Because white light is produced by mixing red, green and blue light together, until now it has been difficult to produce a pure light beam without any of the colors being visible.

"For a long time, producing white light with no peripheral color effects was an almost unsolvable technical problem," said Dr. Michael Popall of the Fraunhofer Institute for Silicate Research ISC in Wurzburg. "White light is produced by mixing the complementary colors red, green and blue. Undesirable refraction occurs with conventional beamer technology, resulting in colored streaks on the periphery of the projection."

Micro-optical elements bundle and homogenize the light. (Photo: Copyright ©Fraunhofer IOF)

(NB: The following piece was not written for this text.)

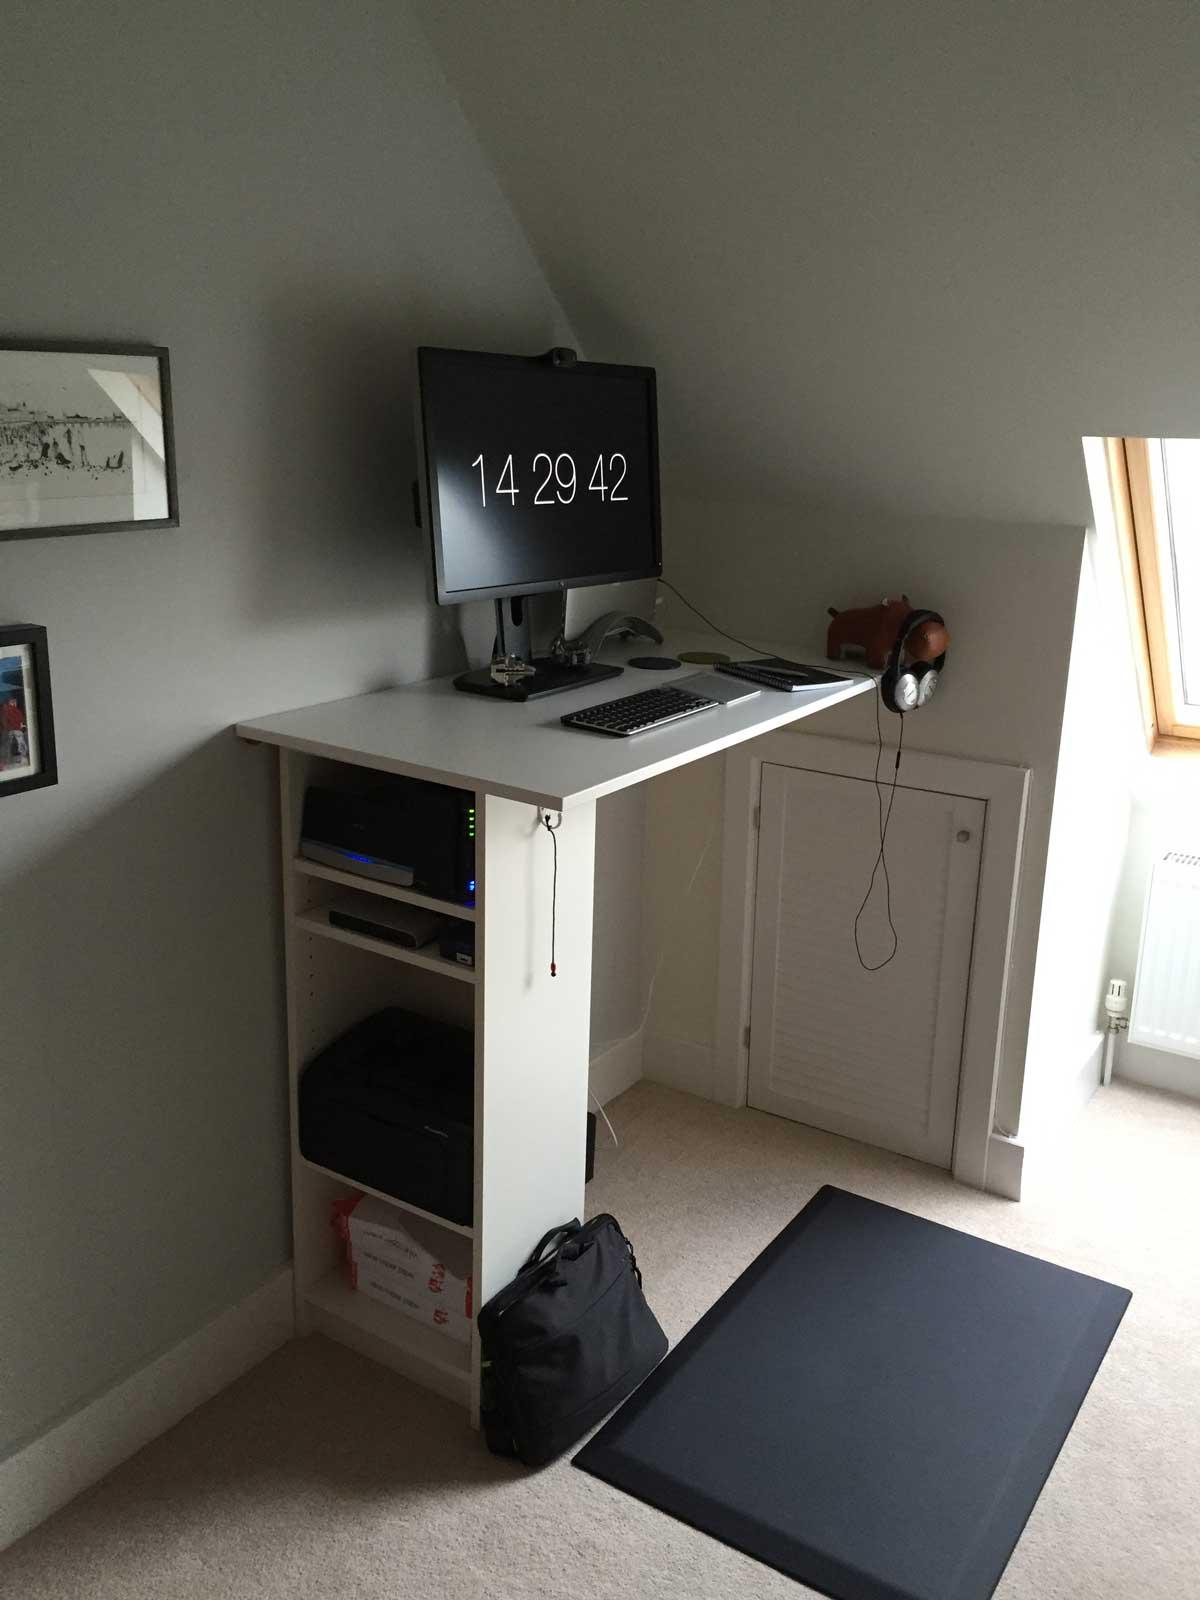 Andy Croll's standing desk setup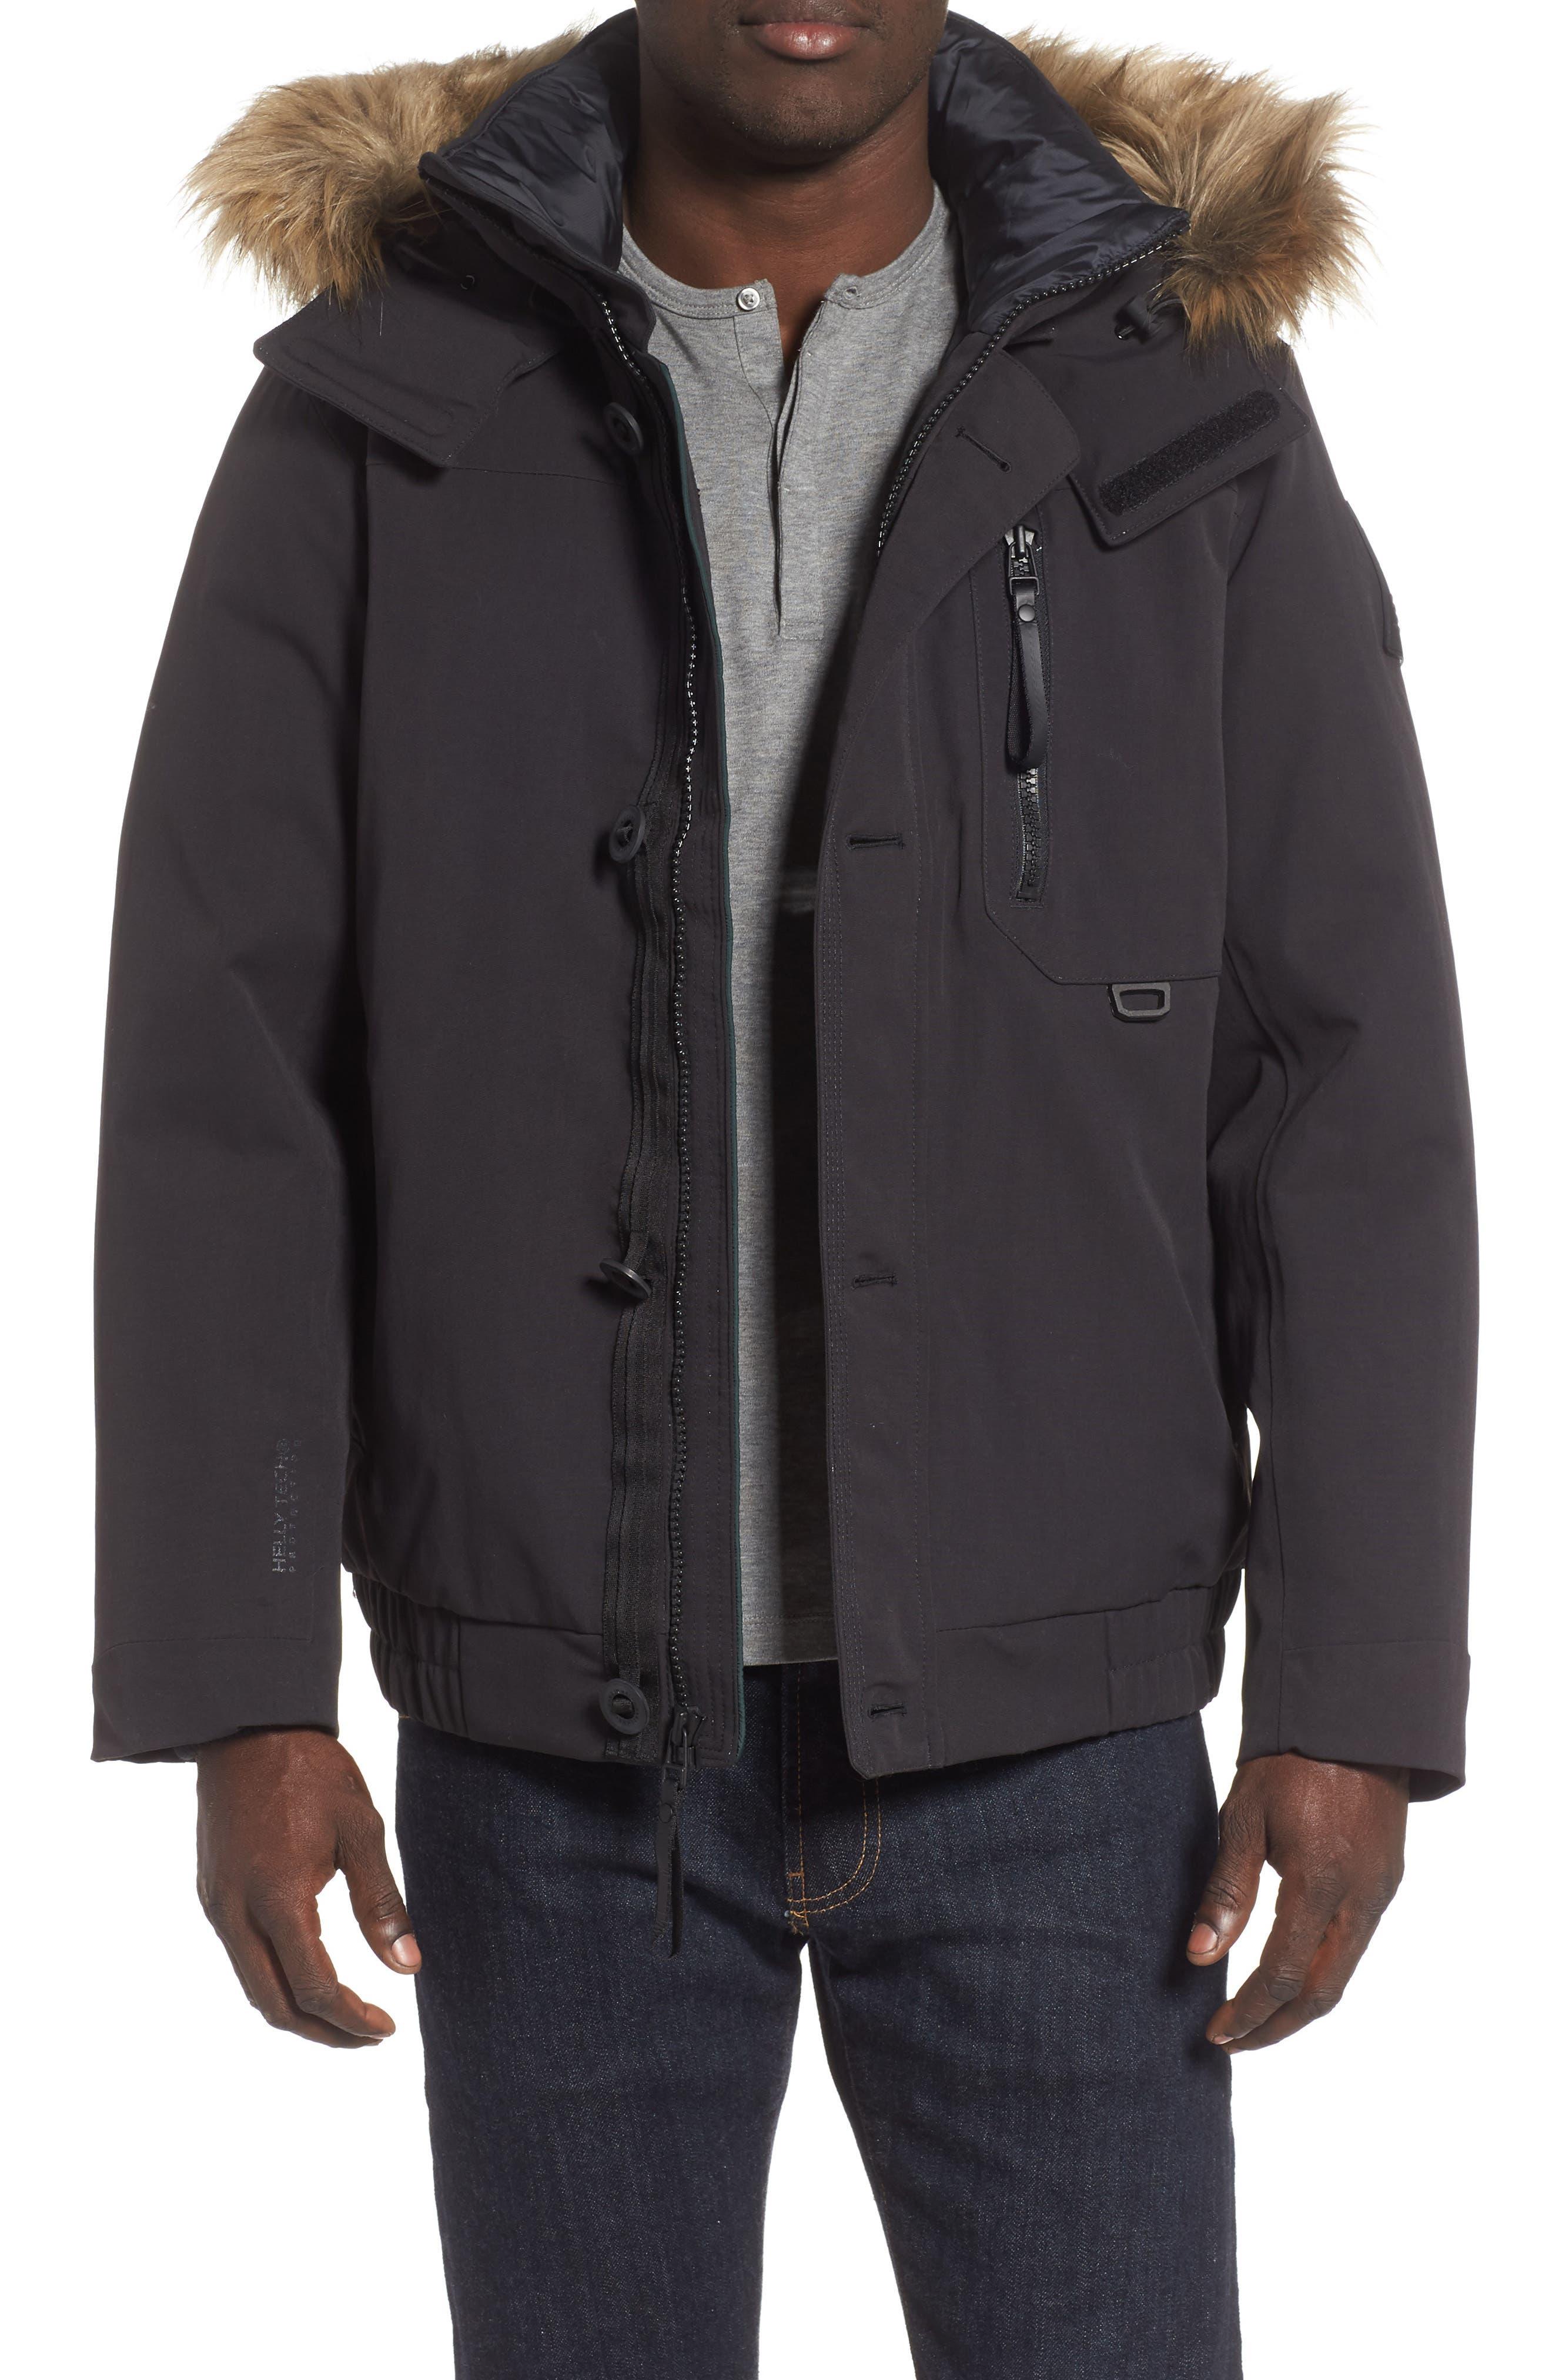 Bardu Waterproof Bomber Jacket with Detachable Hood and Faux Fur Trim,                             Main thumbnail 1, color,                             BLACK

This technology delivers not only brilliant color, but also pure white. "The tiniest of red, blue and green light diodes on the most condensed space produce the light, which is then bundled and homogenized by the nanostructured Ormocer® optics," said Popall, who was deeply involved in the development of the material.

"Ormocers are an ideal material for the production of micro-optics," the researcher said. "They are not only superior light conductors, but are also easy to process – not as brittle as glass, and not as pliant as polymers."

Ormocers are a hybrid of inorganic and organic components that are networked at the molecular level. This material makes it possible to realize things inconceivable even a couple of years ago: Ultraflat and ultrasmall optics for microcameras or beamers that fit into a pants pocket.

The design of the new optics was developed by experts at the Fraunhofer Institute for Applied Optics and Precision Engineering IOF in Jena.

"Thanks to close collaboration among chemists at ISC and the physicists and engineers at IOF, we have succeeded in developing Ormocer tandem arrays with two-sided and symmetrically arranged microlens configurations, which allow the light from light diodes to be projected with pinpoint accuracy and without refraction errors," Popell said. The technology is on the verge of being introduced on the market.

The researchers will present the technology Feb. 17-19 at nano tech 2010 in Tokyo (Booth F-14-1).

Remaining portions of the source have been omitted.